А жизнь шла своим чередом. В конце ноября в столицу пришла весть: в городе Таганроге умер самодержец всероссийский Александр Павлович. Гонцы скакали в Петербург и Варшаву, где жил старший после Александра Павловича брат его Константин. В Петербурге оставалась царица-мать и младший из братьев Николай Павлович, тот самый, который уже давно пообещал офицерам гвардии вогнать в чахотку всех философов.
Николай присягнул Константину, наследнику престола, сыну Павла. Константин молчал. Россия ничего не ведала. Скачка между Таганрогом, Петербургом и Варшавой продолжалась. Курьерам уже выписывали подорожные по указу Константина I. Константин гнал курьеров обратно. Россия дивилась: что творится у царей?
В декабре по столице поползли слухи. В Варшаве сидел император Константин, не желавший царствовать. В Петербурге выжидал великий князь Николай Павлович, которого никто, начиная с гвардии, не хотел видеть царем.
Окна Зимнего дворца были темны, словно одеты в траур. В дальних апартаментах грозно расхаживал Николай Павлович и слал Константину двусмысленные, ехидные письма.
«Я прошу вас приехать», – писал Николай.
Константин упорно не желал ехать. Время шло.
Измученный сомнениями, Глинка кутался в шарфы и выходил из флигеля. Сквозь дымку дождя, как оракул, предостерегал его мудрой надписью садовый павильон: «Не по́што далече – и здесь хорошо». Читать бы ту надпись всем любителям беспредметных странствий.
Обогнув павильон, Глинка возвращался домой и опять сидел, не шелохнувшись, в кресле, что стояло против тишнеровского рояля.
В церквах столицы пели вечную память благочестивейшему самодержавнейшему Александру Павловичу, потом многолетие благополучно царствующему императору Константину Павловичу. Пели хорно и велегласно, однакоже в части многолетия все более обозначалась сомнительная разноголосица.
В России настало междуцарствие.
Понедельник 14 декабря выдался хмурый. День, едва встав, уже торопился уйти, словно боясь задержаться в истории. Но история назначила иную судьбу этому короткому дню, завещав России долгую о нем память.
Распорядители государства уже вскрыли и обнародовали государственные акты, отстранявшие Константина от престола. Николай, решившись, назначил на 14 декабря присягу гвардии. Присяга была назначена по полкам с утра. К часу дня был объявлен съезд в Зимнем дворце придворных чинов, Синода, Сената и генералитета для торжественного молебствия.
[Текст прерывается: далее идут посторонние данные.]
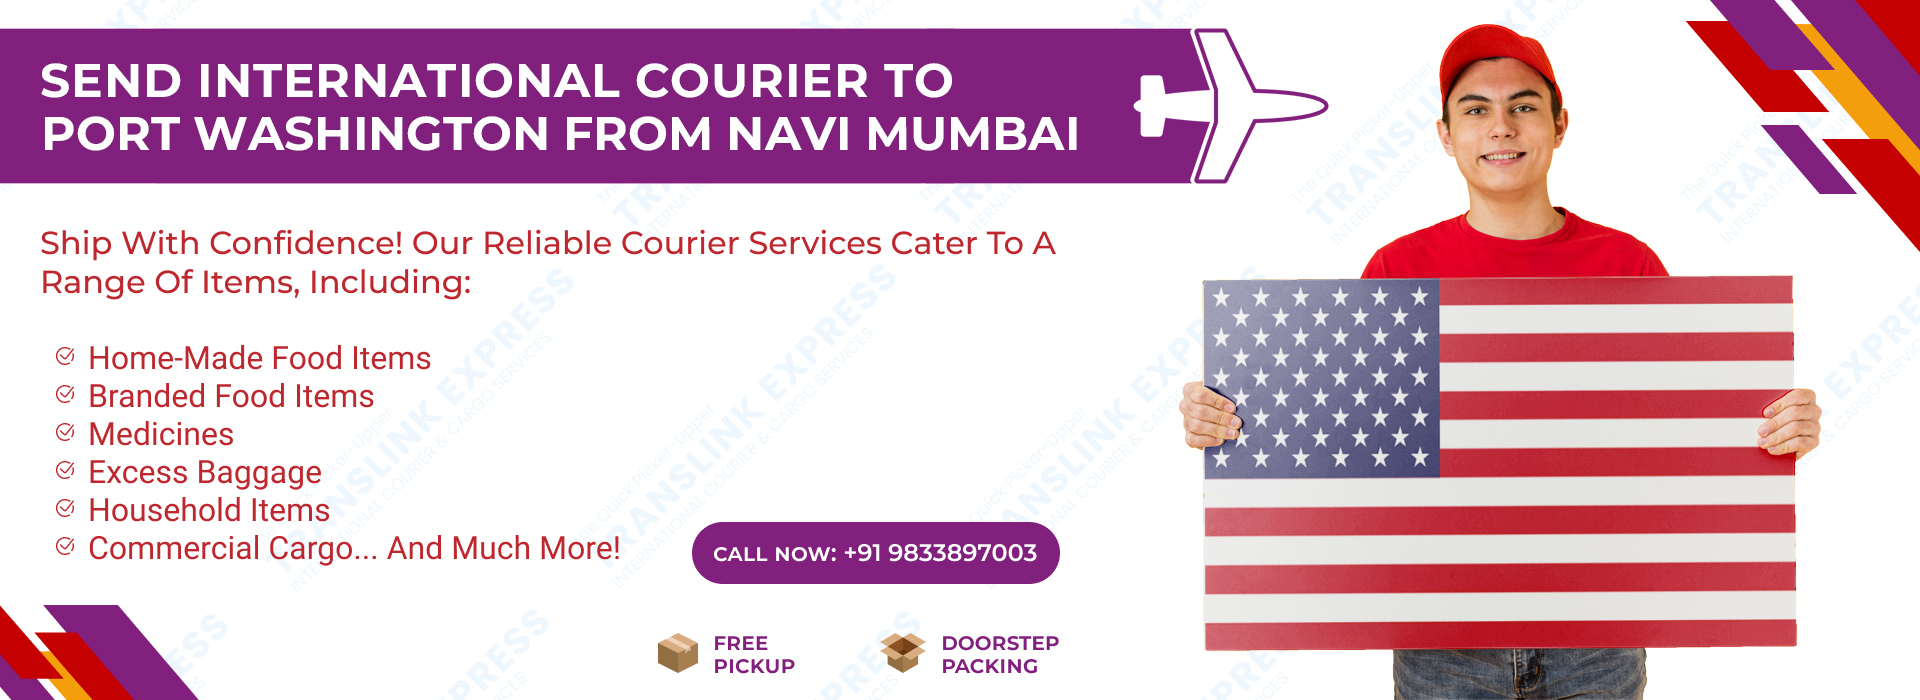 Courier to Port Washington From Navi Mumbai
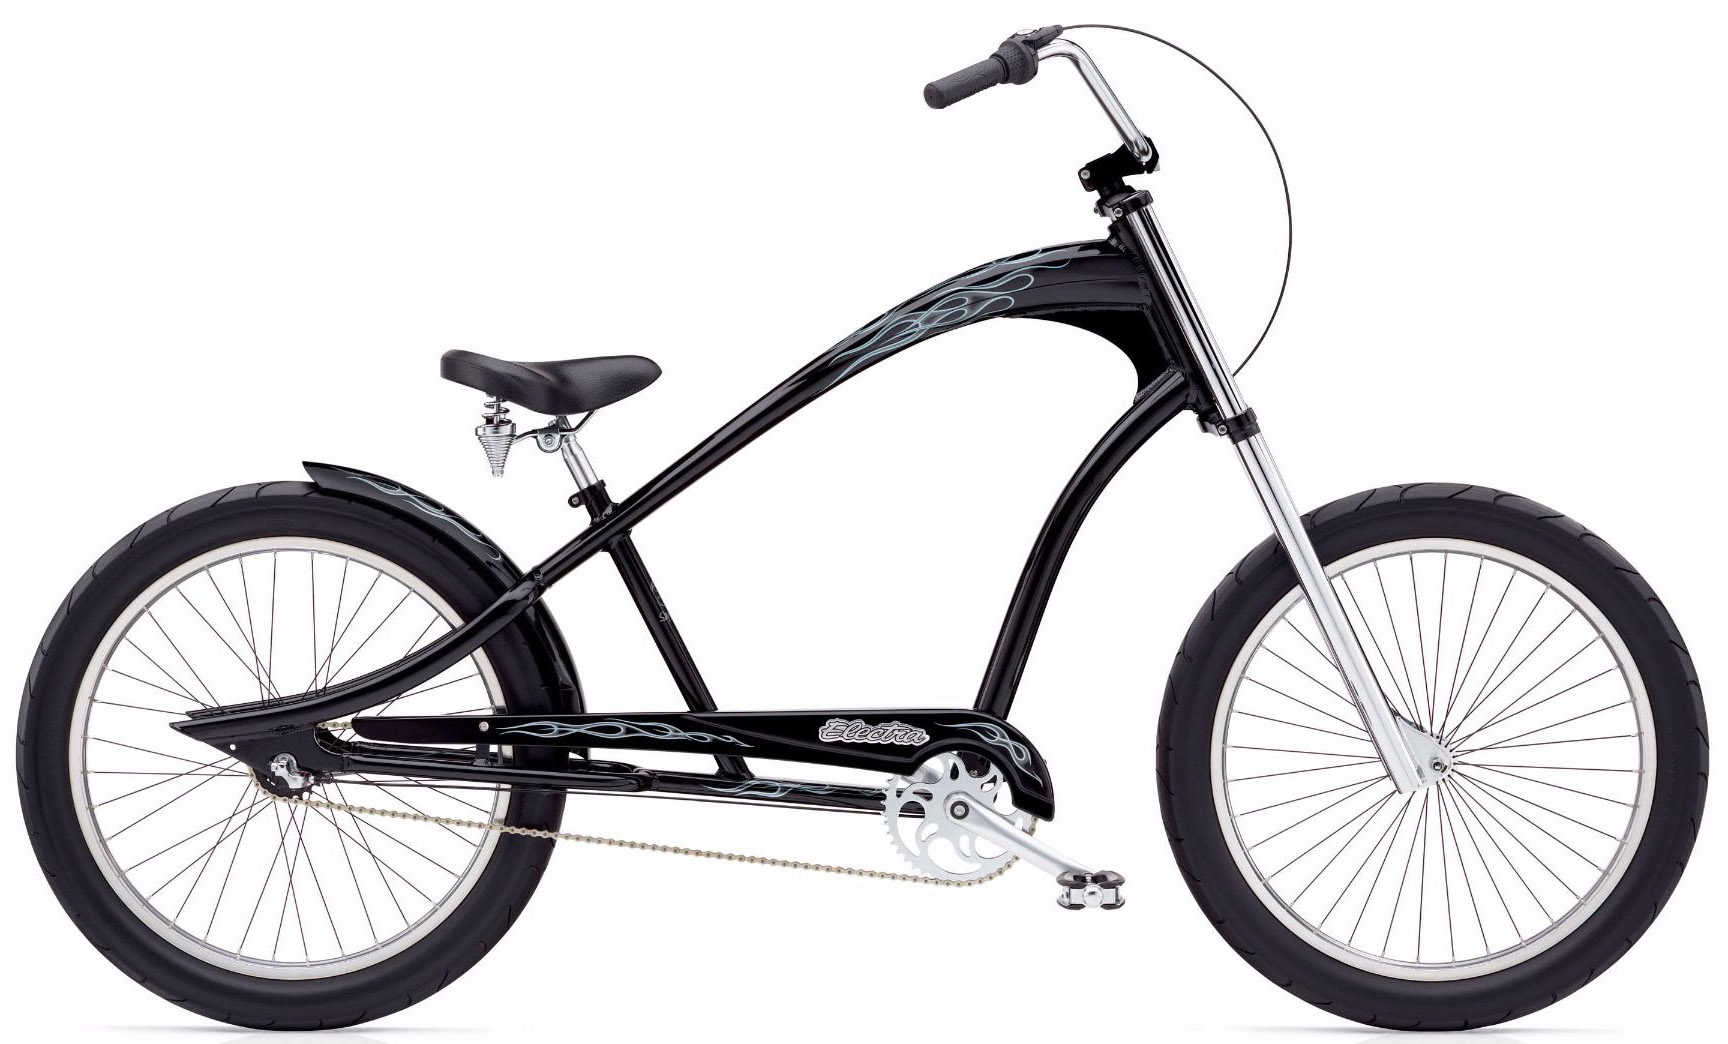  Велосипед Electra Ghostrider 3i 2020

Город проснулся, полный тревожных слухов.
В покоях Зимнего дворца Николай всю ночь прошагал по кабинету. Он продолжал шагать днем, мучимый мыслью: как пройдет присяга?
Она кое-как шла. Случилась было заминка в артиллерии: пробовали было кое-где офицеры подстрекнуть солдат к отказу. Но не растерялось бдительное начальство, и все обошлось.